4. In contrast to culinary art, where “whether or not a cook is successful, a cook trie[s] to serve only foods of superior flavor to a guest, that is, foods prepared with the highest technical skill possible” (Adapon 2008, 47).

5. I used social resource maps to collect data on an individual’s social relations and resource exchanges in the form of money, food, provisions, labor, and emotional/spiritual support. Participants used a bean allocation method to evaluate the weight or significance of each relationship.

6. This is a historic example of the characterization advanced by Didier Fassin and Marielle Pandolfi (2010, 12) that sees contemporary humanitarianism as “the politics of military intervention . . . now played out in the name of humanitarian morality.”

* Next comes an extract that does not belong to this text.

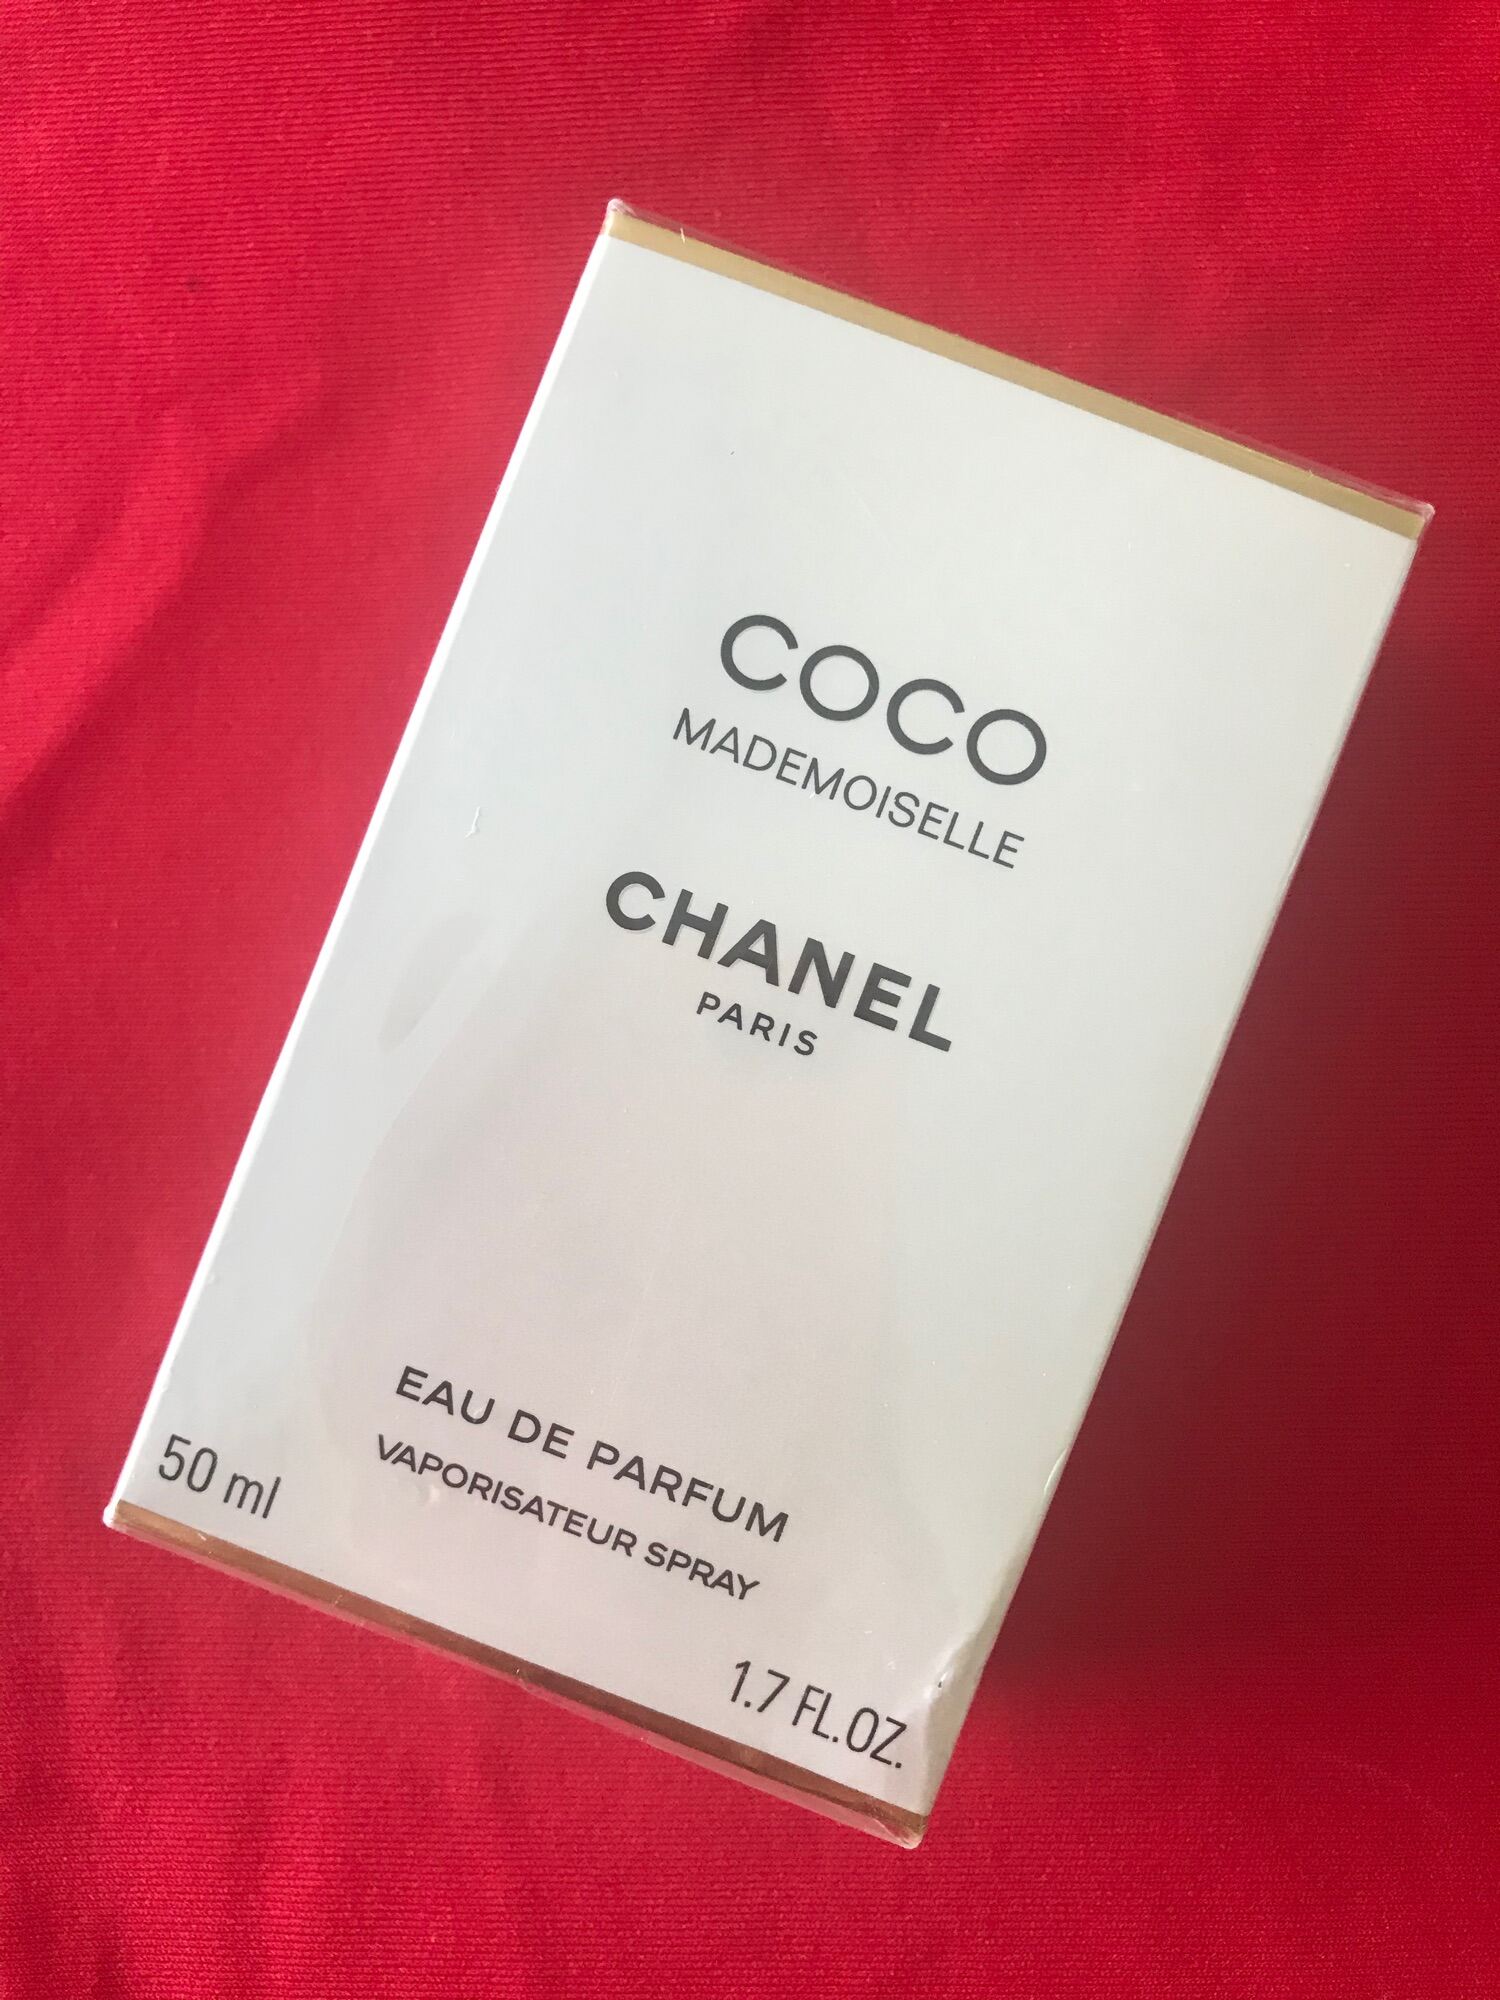 Chanel Coco Eau De Parfum 34oz Tester w Tester Box BRAND NEW 100  AUTHENTIC READY TO SHIP PERFUME for Sale in Philadelphia PA  OfferUp

7. Eyewitness testimony presented in the final report of the Republic of Liberia Truth and Reconciliation Commission (2009, 91) suggests that American soldiers stationed near Smell-No-Taste went beyond abuse and even killed Liberian civilians, but this testimony has not been investigated or confirmed.

8. Vulnerability was defined as: individuals sixty years and older, including their dependents; malnourished children and their immediate family members; individuals with disabilities; individuals with chronic or terminal illnesses (HIV, TB, cancer) and their dependents; unaccompanied minors; and socially vulnerable individuals.

9. Plantation owners sought slaves from specific ethnic groups because they possessed knowledge and techniques of rice cultivation (Carney 2001, 80).

10. Education (Moran 1990) and salary (Tonkin 1981) were prominent “civilized” characteristics.

11. Existing accounts of Liberian cooking include Liberian Cookhouse Cooking (Keenan 1997), produced by the Friends of Liberia (mostly former Peace Corps workers), and Kwi Cooking (D’Azevedo 1962), created by the wife of the anthropologist Warren d’Azevedo. Kwi is a Kru word that refers to “civilized” or “Westernized.”

12. At Buduburam, many households were unable to cook daily and relied on an often-unrefrigerated pot of soup for two or three days.

13. Cassava is prepared in a variety of ways, as fufu (dried and fermented cassava, boiled and beaten), GB (peeled and boiled cassava, beaten into a dense substance), dumboy (peeled and boiled cassava, beaten less than GB to provide a softer texture), gari (dried cassava, pounded to small flakes, prepared with hot water or eaten dry), and deepa (dried cassava, pounded to dust and cooked with hot water).

14. Maryland County was initially settled by the Maryland Colonization Society.

15. After nearly two decades of existence, Buduburam had acquired the bureaucratic label of a “protracted refugee situation,” which reflected a shift away from humanitarian interest to support for the repatriation of refugees to Liberia.

16. Judith Carney (2001, 73) has argued that on the Upper Guinea coast, maize “became indelibly associated with slavery in Africa.” This may have contributed to the negative reception of corn among Liberians.

17. Kokodolo was sold at street stalls by Ghanaian vendors and was not necessarily made with food rations.

18. I thank Erin Trapp for pointing me to this interpretation of abundance and scarcity.